This course focuses on the Hawaiian Kingdom era covering two major historical periods: the first from 1810 until 1893; the second from 1893 to the present. This course focuses primarily on the first historical period, allowing the legal, political, and economic conclusions from that era to inform and provide for us a continuity into the second historical period.

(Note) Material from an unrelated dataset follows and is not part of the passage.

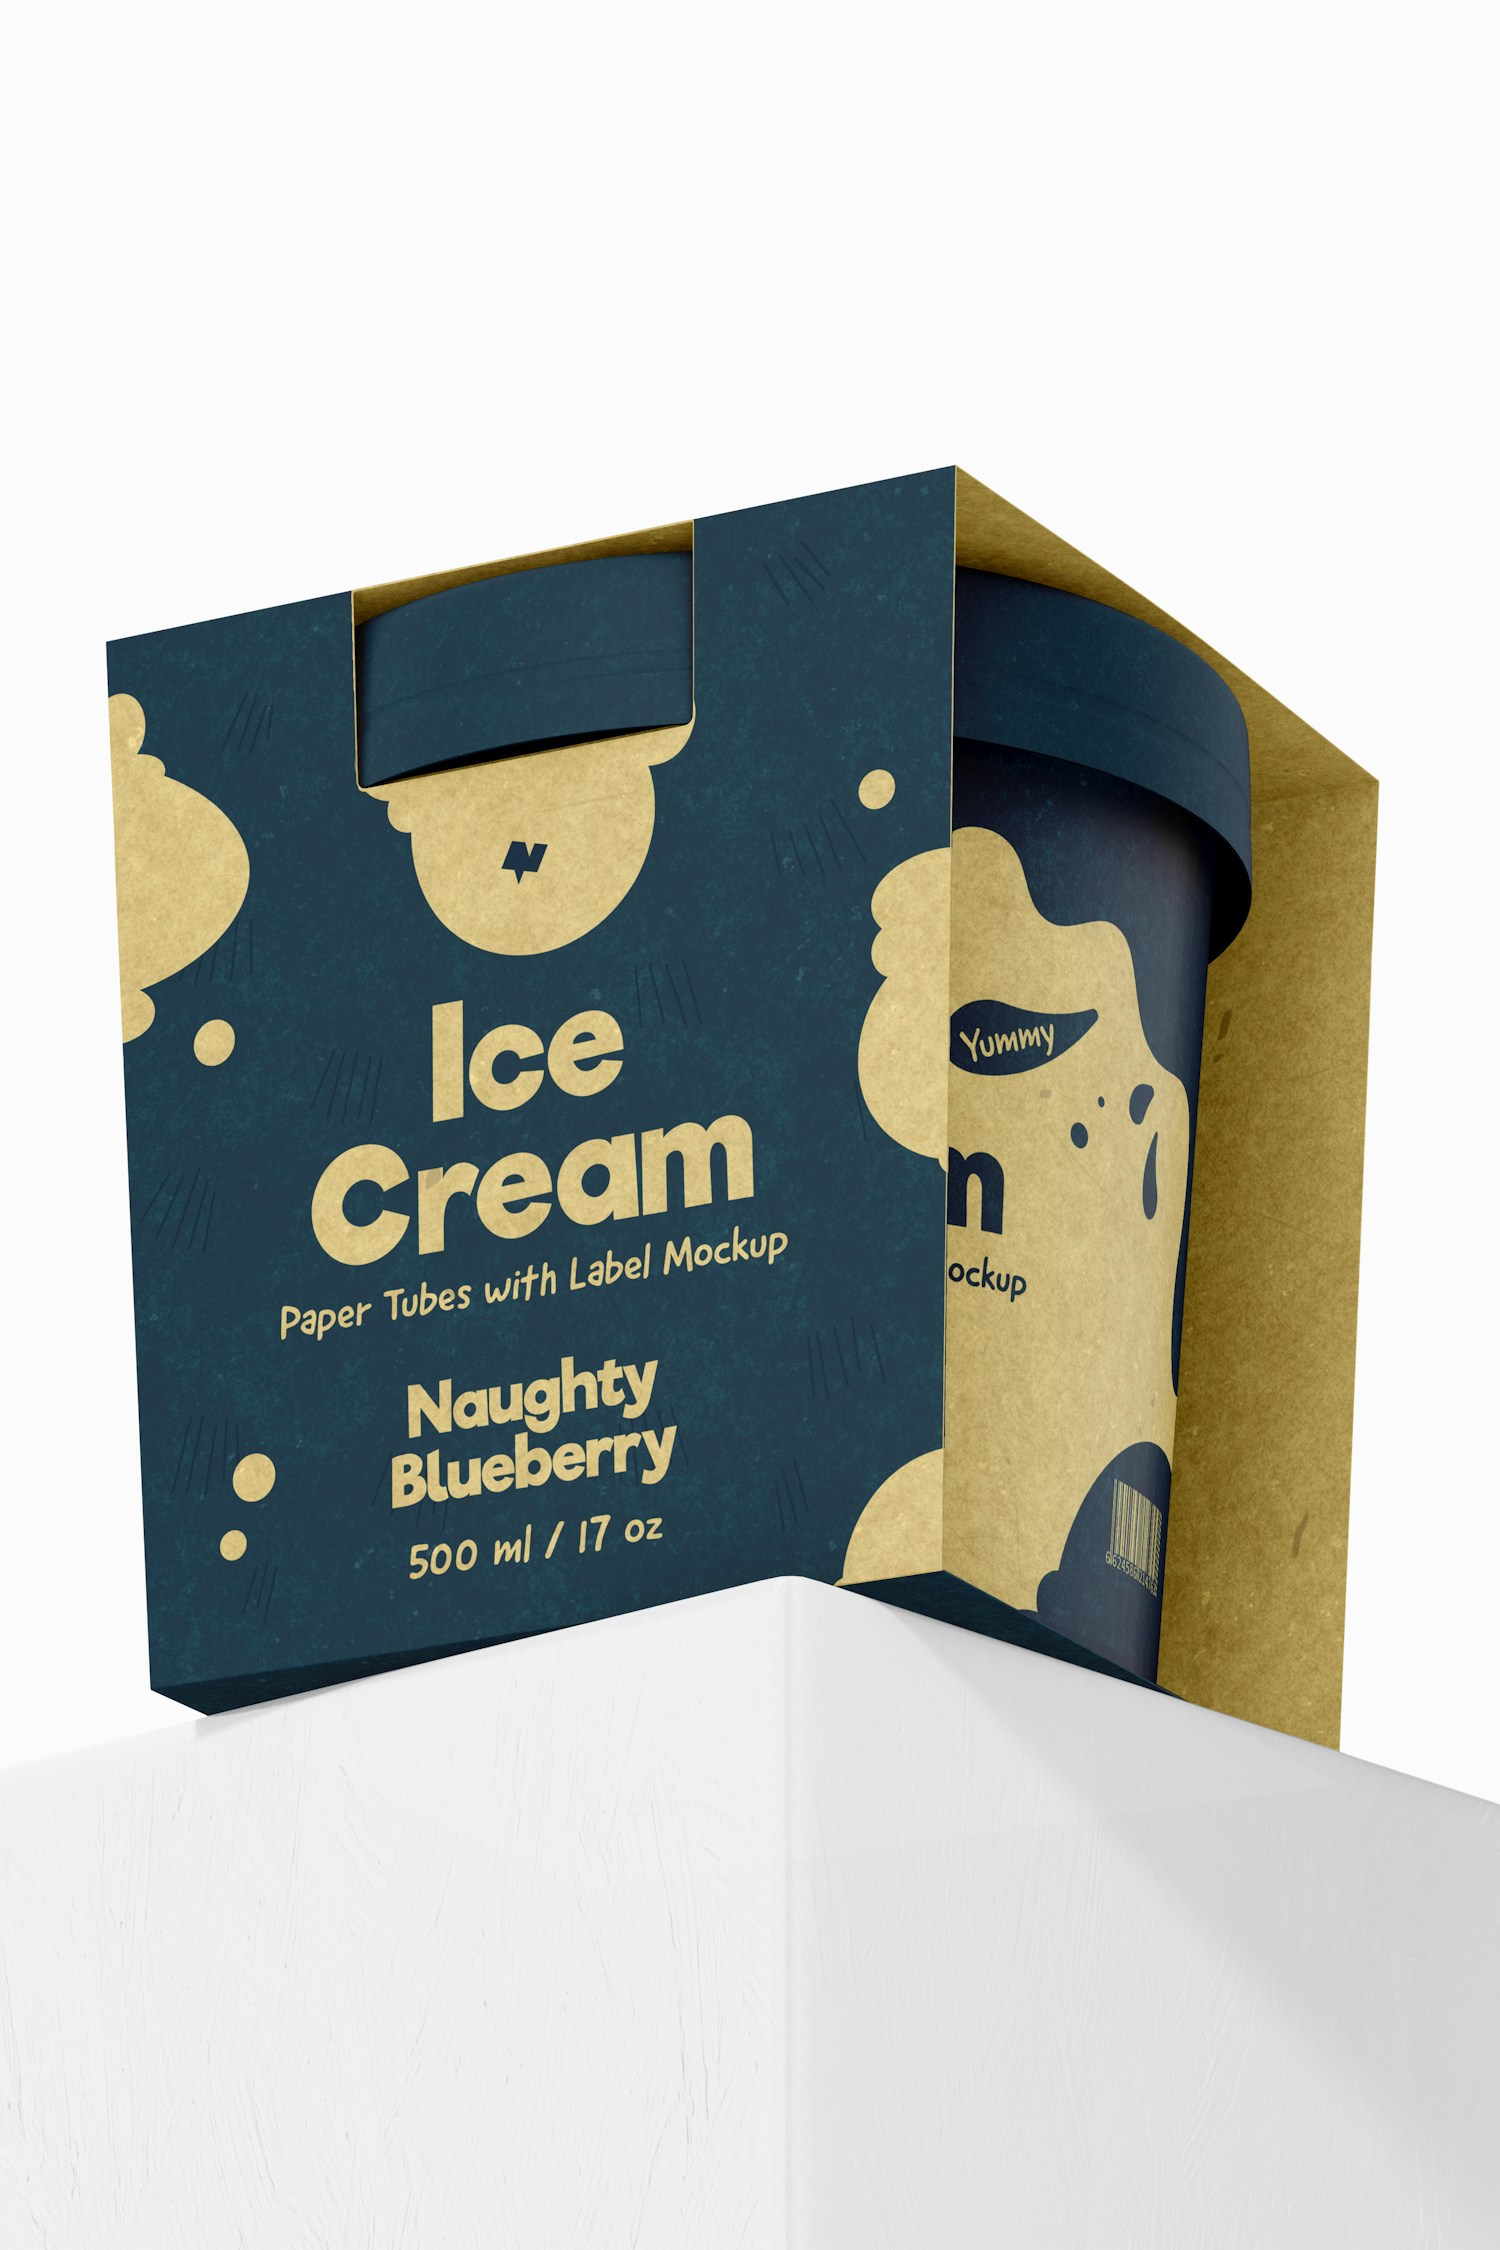 500 ml Ice Cream Paper Tub with Label Mockup, on Podium

Major topics addressed in this course are: unification; the Hawaiian Constitutions; recognition and nationhood in 1843; feudal and allodial land systems; the Hawaiian economy; the Hawaiian monarchs; the occupation of the Hawaiian Islands; issues and methods of de-occupation; historical, political, legal, and economic global contexts.
A grade of “C” or better in HWST 107, HIST 284 or HIST 224.
- Explain the political, economic, and social development of the Hawaiian Kingdom from a pre-unification feudal society to an internationally recognized nation-state.
- Compare and contrast applicable domestic and international law terminology as applied to the Hawaiian historical context.
- Analyze past events in Hawai’i by using methodological reasoning on the various models of social, political or economic systems.
- Assess the various lawful and unlawful Hawaiian Constitutions their creation, implementation and legal authority.
- Analyze the cause and effects of the Great Mahele as a unique land tenure system on Hawaiian society.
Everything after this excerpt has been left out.